- _DATA EXCERPT_

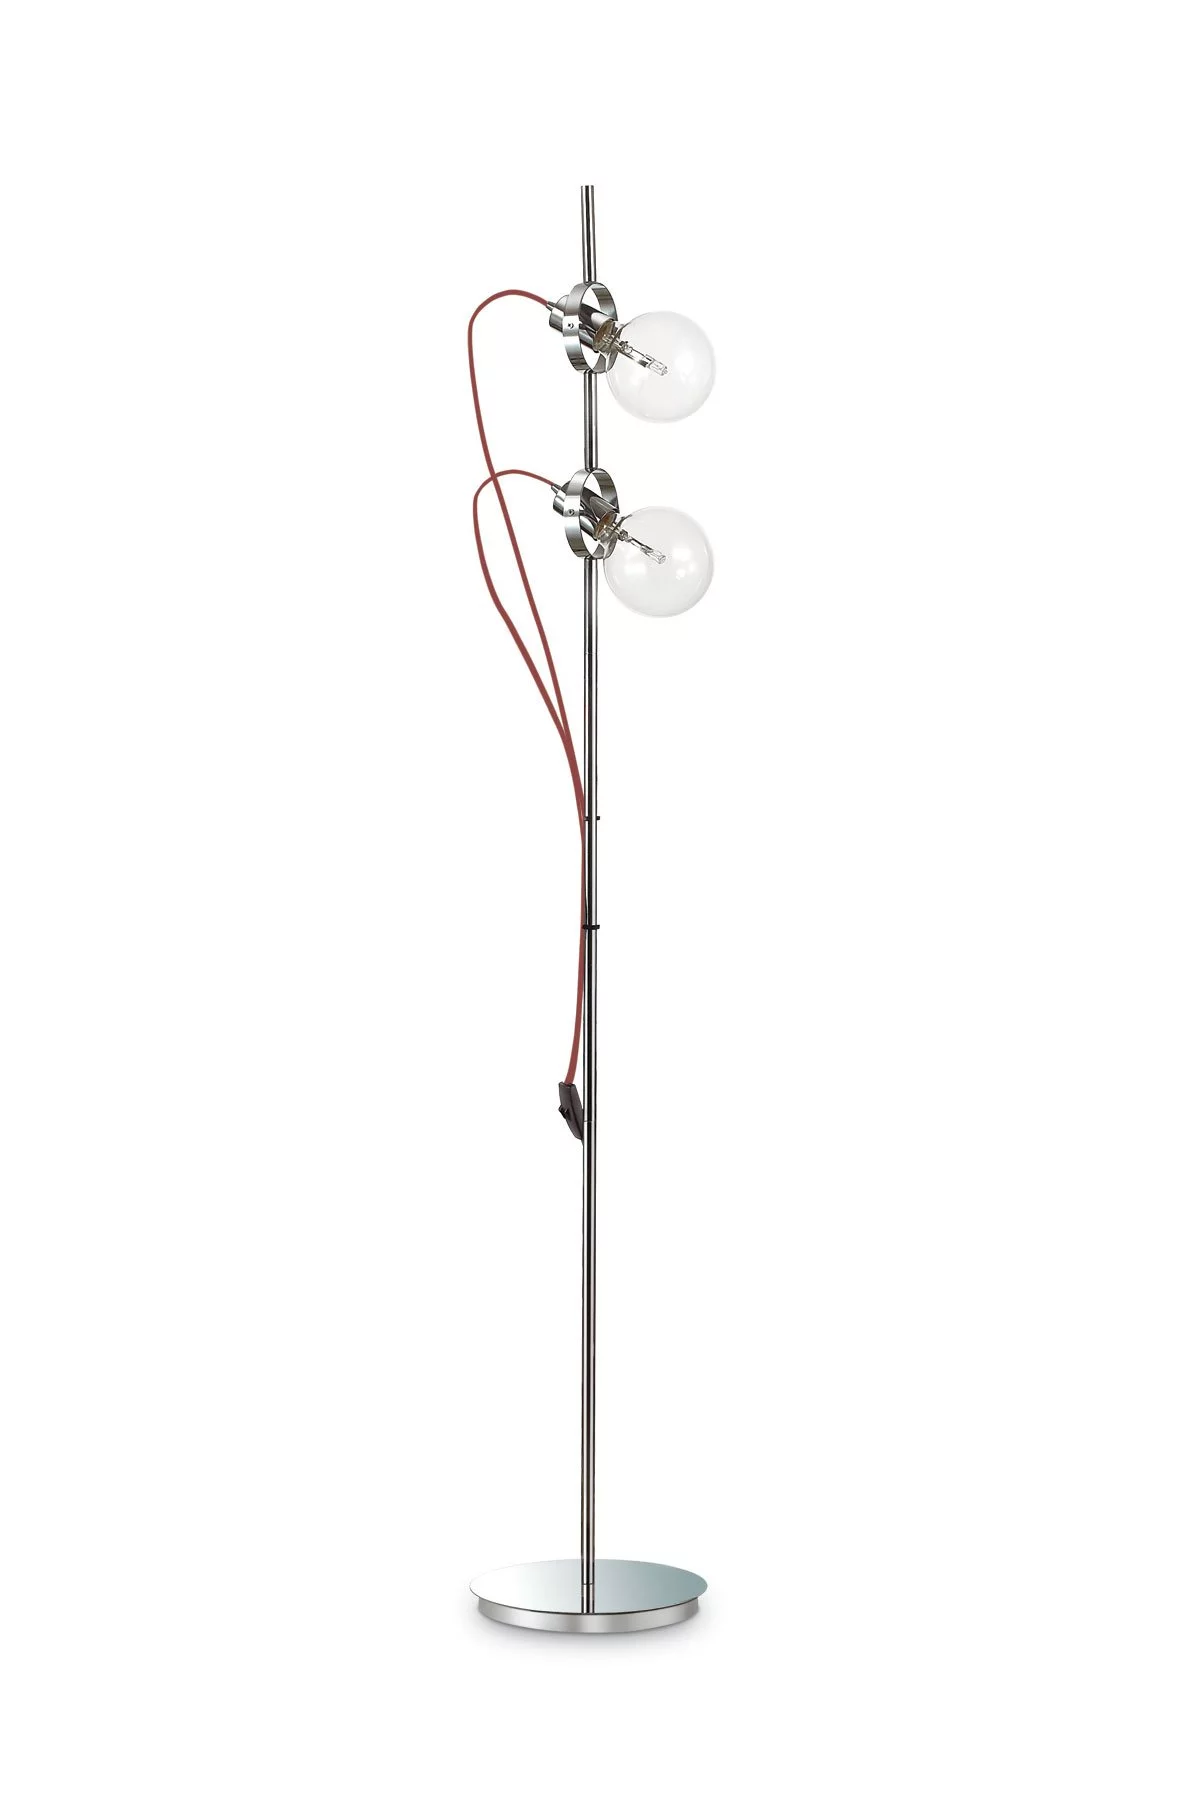   
                        Торшер IDEAL LUX  (Италия) 94229    
                         в стиле Хай-тек.  
                        Тип источника света: светодиодная лампа, сменная.                                                                                                  фото 1

- _YOUR INSTRUCTIONS_
Only the pictures are to be left out; print everything else in the listing exactly.

- _YOUR SOLUTION_
                        Торшер IDEAL LUX  (Италия) 94229    
                         в стиле Хай-тек.  
                        Тип источника света: светодиодная лампа, сменная.                                                                                                  фото 1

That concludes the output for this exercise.